As the brand strengthens, he said DairyPure “by definition” will be able to command price premiums versus private label and competitive brands.

He placed DairyPure in an early stage toward establishing a national branded presence. By contrast, the company’s flavored milk brand TruMoo “is pretty far along in its evolution,” with a 20% market share.

Over time, the retail price spread between different brands is not always enlightening information, Mr. Scozzafava said.

“As customers, retailers, become either aggressive or not in the category, they fund that themselves,” he said. “So I think that’s a different dynamic.”

Mr. Scozzafava also described a shift in the channel breakdown of fluid milk sales. While overall volume was down 1%, I.R.I.-based data showed a 2% decline, he said. In this weaker segment, Dean Foods enjoyed a 60-basis-point share gain to 35.1% from 34.5%. Food service sales have been strong, he said.

Ice cream volume jumped 14% in the third quarter versus a year ago, fueled principally by the company’s recent Friendly’s ice cream acquisition.

“Excluding Friendly’s, we are very pleased that despite Blue Bell’s reentry into the marketplace earlier this year, our legacy ice cream brands, Mayfield and Dean’s, delivered volume that was nearly flat versus year ago, essentially maintaining the robust share gains that we won in 2015,” Mr. Scozzafava said.

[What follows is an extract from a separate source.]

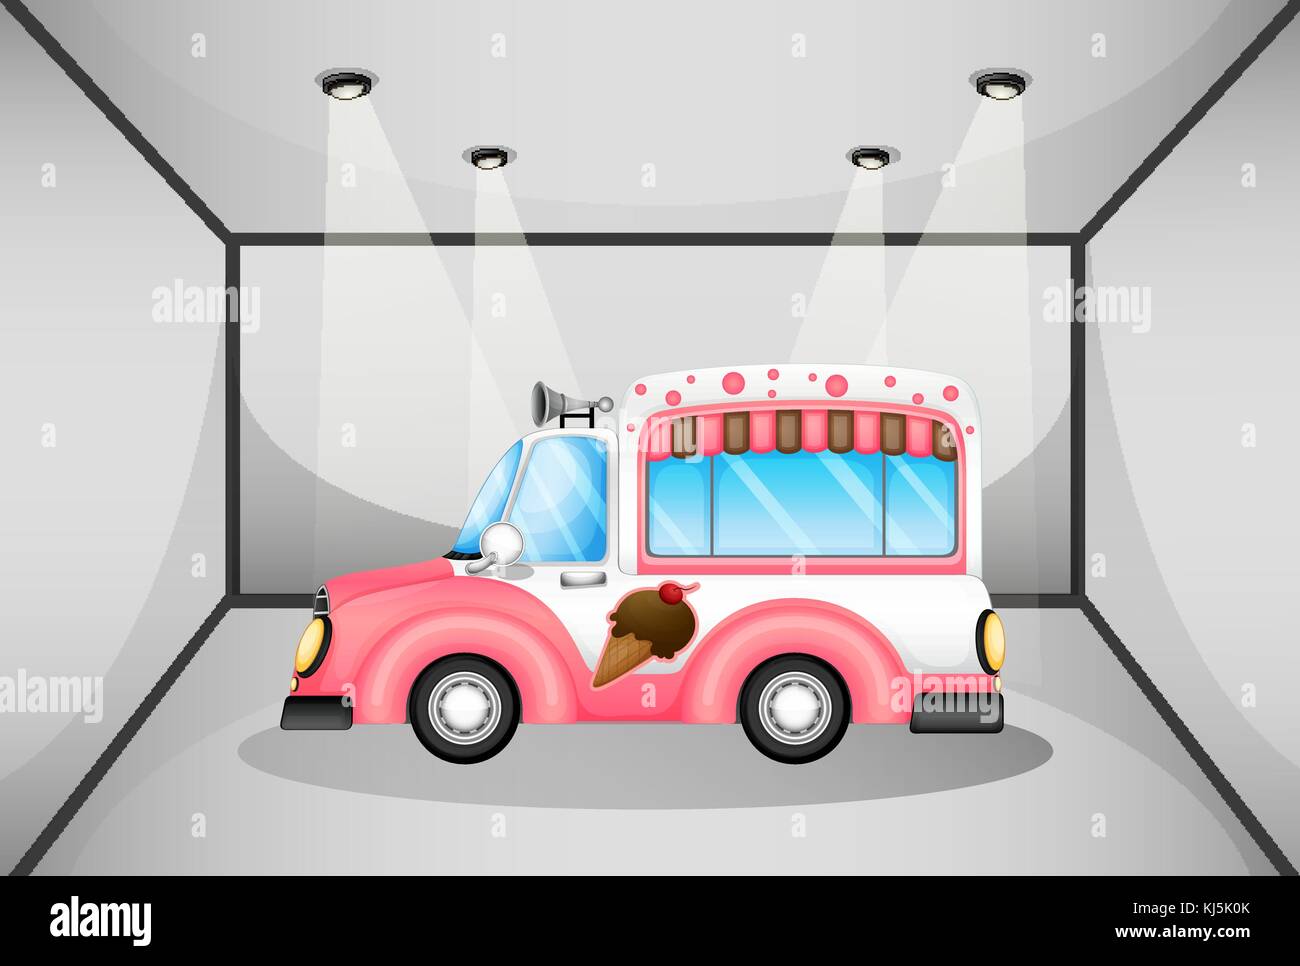 Illustration of a pink ice cream car inside the garage Stock Vector

The ice cream market enjoyed a 2% volume gain year-to-date, versus the same period in 2015. Dean Foods holds a 10% market share.

In 2017, Dean Foods will introduce new formulations across numerous ice cream varieties sold under the Mayfield and Dean’s brands, and packaging will “get a fresh look,” Mr. Scozzafava said.

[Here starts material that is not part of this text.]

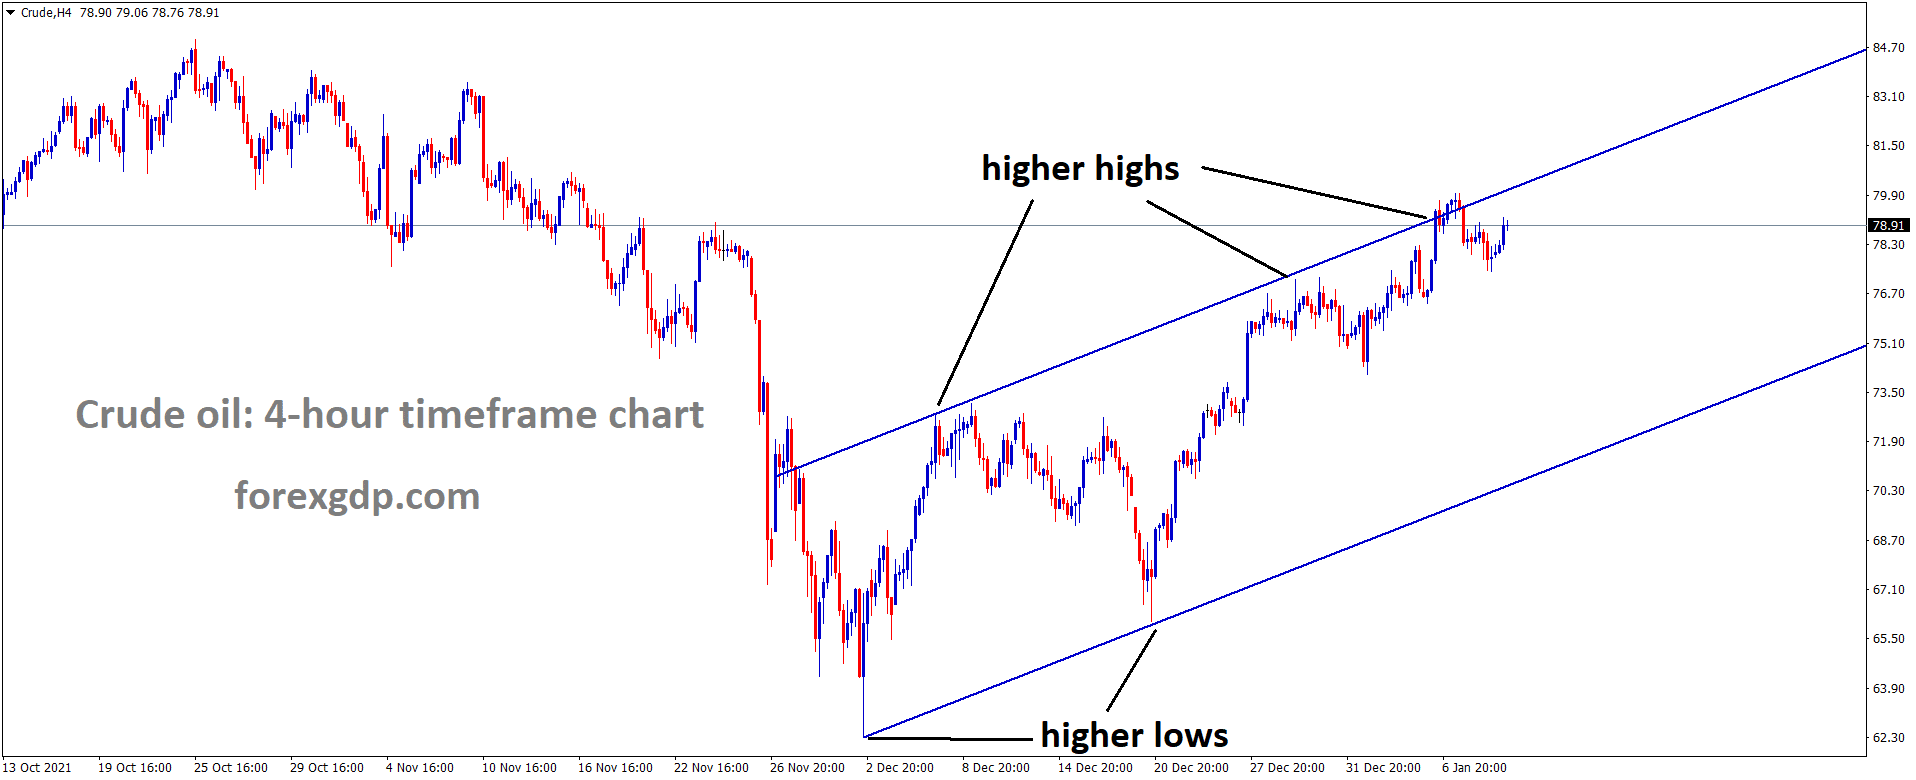 Crude oil is moving in an Ascending channel and the market has reached the higher high area of the channel.

“We will also launch a number of new flavors under these brands, including Mississippi mud pie and lemon icebox pie ice cream, along with our indulgent Big Chippers ice cream sandwich cookies,” he said. “Now under the Friendly’s brand, we will introduce a new larger size of the very popular sundae cup line, as well as introduce a brand-new product line called Naturally Friendly’s, an on-trend, natural line of great Friendly’s ice cream with no artificial colors or flavors.”

For the final period of the year, the company is forecasting adjusted earnings of 37c to 45c per share.

“For the fourth quarter, with improving volume performance, in addition to continued pricing and cost discipline, we expect the fourth quarter to be our eighth consecutive quarter of year-over-year adjusted operating income improvement,” Mr. Tanner said.

Asked about the company’s relationship with Wal-Mart Stores. Inc., Mr. Scozzafava was upbeat. In March, Wal-Mart announced plans to build a dairy processing plant set to be operational by the summer of 2017.

The timetable may be optimistic, judging by comments from Mr. Scozzafava.

“We don’t see any impact sitting here today for 2017, just based on the physics of having to get a plant up and running and doing all those things,” he said. “Then when you look at the margin profile of the private label business there from a financial standpoint, a minimal impact is really what we expect going forward. And that is out well beyond 2018 and so on.”

Currently, 16% of Dean Foods volume goes through Wal-Mart.

“We enjoy a good business with them,” Mr. Scozzafava said. “They are a dynamic retailer, as you know. They are extremely good at what they do, and we like the interaction with them. They make us better and we like to think that we make them better in the categories where we compete. So we will continue to partner with Wal-Mart. We have a big business with them, although certainly not as large as some other C.P.G. (consumer packaged goods) companies that you might benchmark against. They fit in our portfolio very nicely, and we anticipate that we will have a strong relationship and a very good business going forward.”

In the nine months ended Sept. 30, net income at Dean Foods was $87,098,000, equal to 96c per share, versus a loss in January-September 2015 of $26,988,000. Sales were $5,692,217,000, down 6% from the same period in 2015. Adjusted net income in the first three quarters was $110 million, up 34% from $82 million.